:: Records for the exercise ::
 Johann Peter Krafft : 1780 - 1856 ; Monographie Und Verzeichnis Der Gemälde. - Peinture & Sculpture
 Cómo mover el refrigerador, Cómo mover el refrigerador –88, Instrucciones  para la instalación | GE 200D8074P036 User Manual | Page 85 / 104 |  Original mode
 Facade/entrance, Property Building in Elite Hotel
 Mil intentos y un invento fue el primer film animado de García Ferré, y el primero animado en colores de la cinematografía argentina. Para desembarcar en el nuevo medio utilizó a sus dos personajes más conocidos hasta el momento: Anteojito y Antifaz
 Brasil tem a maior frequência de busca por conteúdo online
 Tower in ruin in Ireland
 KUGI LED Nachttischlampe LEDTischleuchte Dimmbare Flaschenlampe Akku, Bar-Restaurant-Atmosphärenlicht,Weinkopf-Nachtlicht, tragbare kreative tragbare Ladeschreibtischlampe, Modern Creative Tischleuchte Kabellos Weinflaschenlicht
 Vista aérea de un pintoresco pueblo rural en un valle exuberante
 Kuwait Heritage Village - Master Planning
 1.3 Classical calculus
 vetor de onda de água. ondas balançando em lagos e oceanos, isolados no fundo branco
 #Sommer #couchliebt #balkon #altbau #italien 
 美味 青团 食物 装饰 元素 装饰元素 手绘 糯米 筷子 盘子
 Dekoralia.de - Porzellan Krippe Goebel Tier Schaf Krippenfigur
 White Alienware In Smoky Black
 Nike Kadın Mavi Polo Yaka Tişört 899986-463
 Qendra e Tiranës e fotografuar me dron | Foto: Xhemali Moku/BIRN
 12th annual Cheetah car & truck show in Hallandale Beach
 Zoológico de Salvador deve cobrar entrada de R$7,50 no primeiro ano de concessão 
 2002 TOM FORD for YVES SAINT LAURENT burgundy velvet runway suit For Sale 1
:::
# What the exercise asks
What's needed is a word-for-word copy of the lines from the one holding "White Alienware In Smoky Black" through the final line of the data.

# Task answer
 White Alienware In Smoky Black
 Nike Kadın Mavi Polo Yaka Tişört 899986-463
 Qendra e Tiranës e fotografuar me dron | Foto: Xhemali Moku/BIRN
 12th annual Cheetah car & truck show in Hallandale Beach
 Zoológico de Salvador deve cobrar entrada de R$7,50 no primeiro ano de concessão 
 2002 TOM FORD for YVES SAINT LAURENT burgundy velvet runway suit For Sale 1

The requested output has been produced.